Metadata-Version: 2.4
Name: a3-python
Version: 0.1.18
Summary: Catch real Python bugs before production — 99%+ accuracy, Z3 symbolic execution, LLM-powered false-positive filtering, zero-config GitHub CI
Requires-Python: >=3.11
Description-Content-Type: text/markdown
Requires-Dist: z3-solver>=4.15.4
Provides-Extra: dev
Requires-Dist: pytest>=7.0; extra == "dev"
Requires-Dist: pytest-cov>=4.0; extra == "dev"
Provides-Extra: ci
Requires-Dist: anthropic>=0.30.0; extra == "ci"
Requires-Dist: openai>=1.0.0; extra == "ci"
Requires-Dist: pyyaml>=6.0; extra == "ci"

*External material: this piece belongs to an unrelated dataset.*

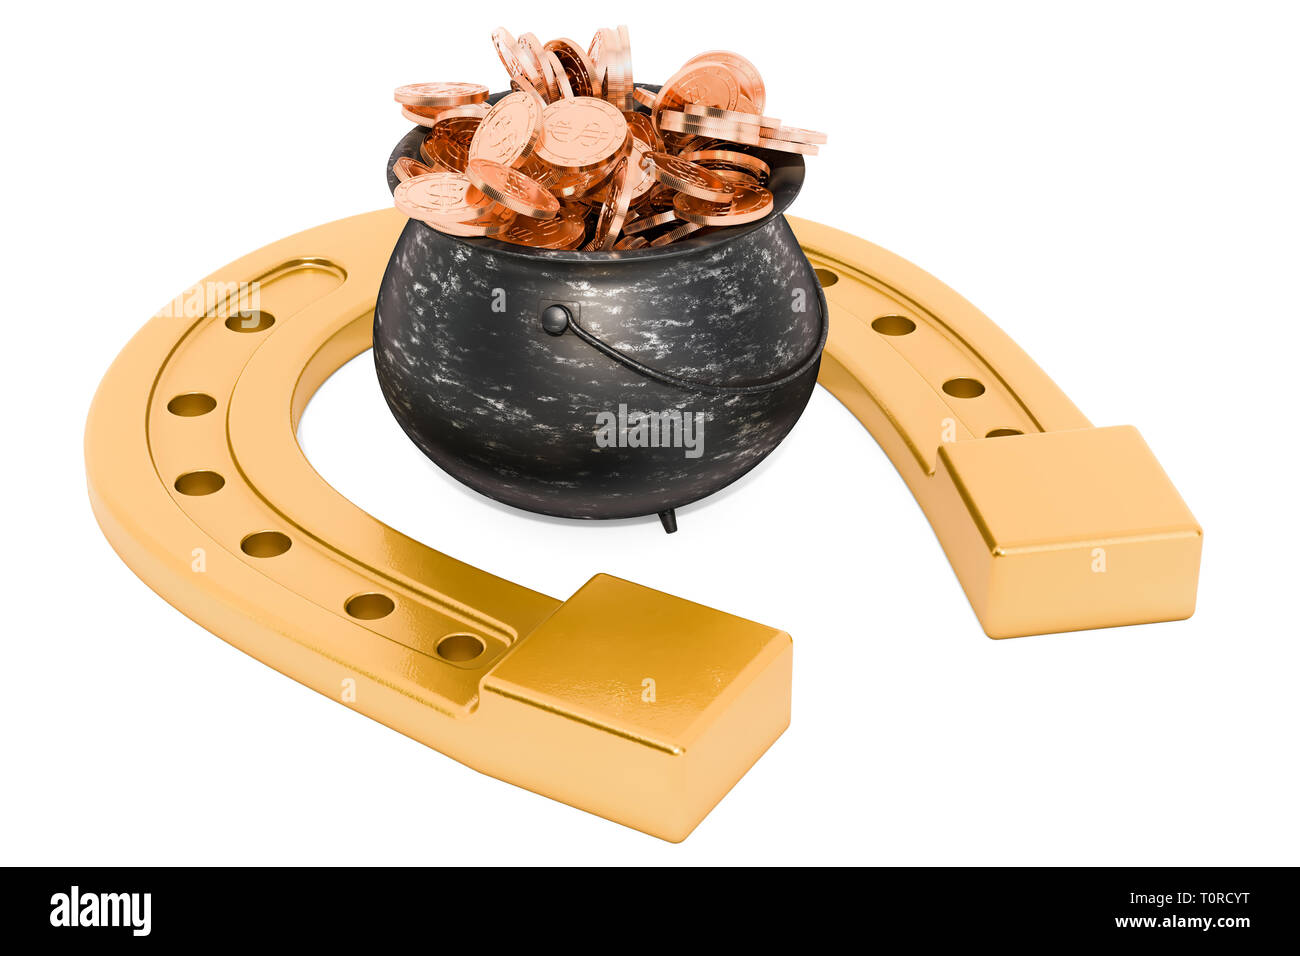 Hufeisen mit Topf voll goldenen Münzen, 3D-Rendering auf weißem Hintergrund Stockfoto

# A3: Advanced Automated Analysis for Python

**Find real bugs in Python codebases — automatically.**

A3 combines **non-LLM static analysis** with **agentic LLM triage** for 99%+ accuracy:

1. **Static analysis first**: Uses bytecode analysis, barrier-certificate proofs, and Z3-backed symbolic execution to automatically prove 99% of candidates as false positives
2. **Agentic LLM triage second**: An LLM agent explores the codebase — reading files, searching for guard patterns, checking callers, inspecting tests — then classifies the remaining 1% as TP or FP

No overwhelming noise. No alert fatigue. Just real bugs that matter.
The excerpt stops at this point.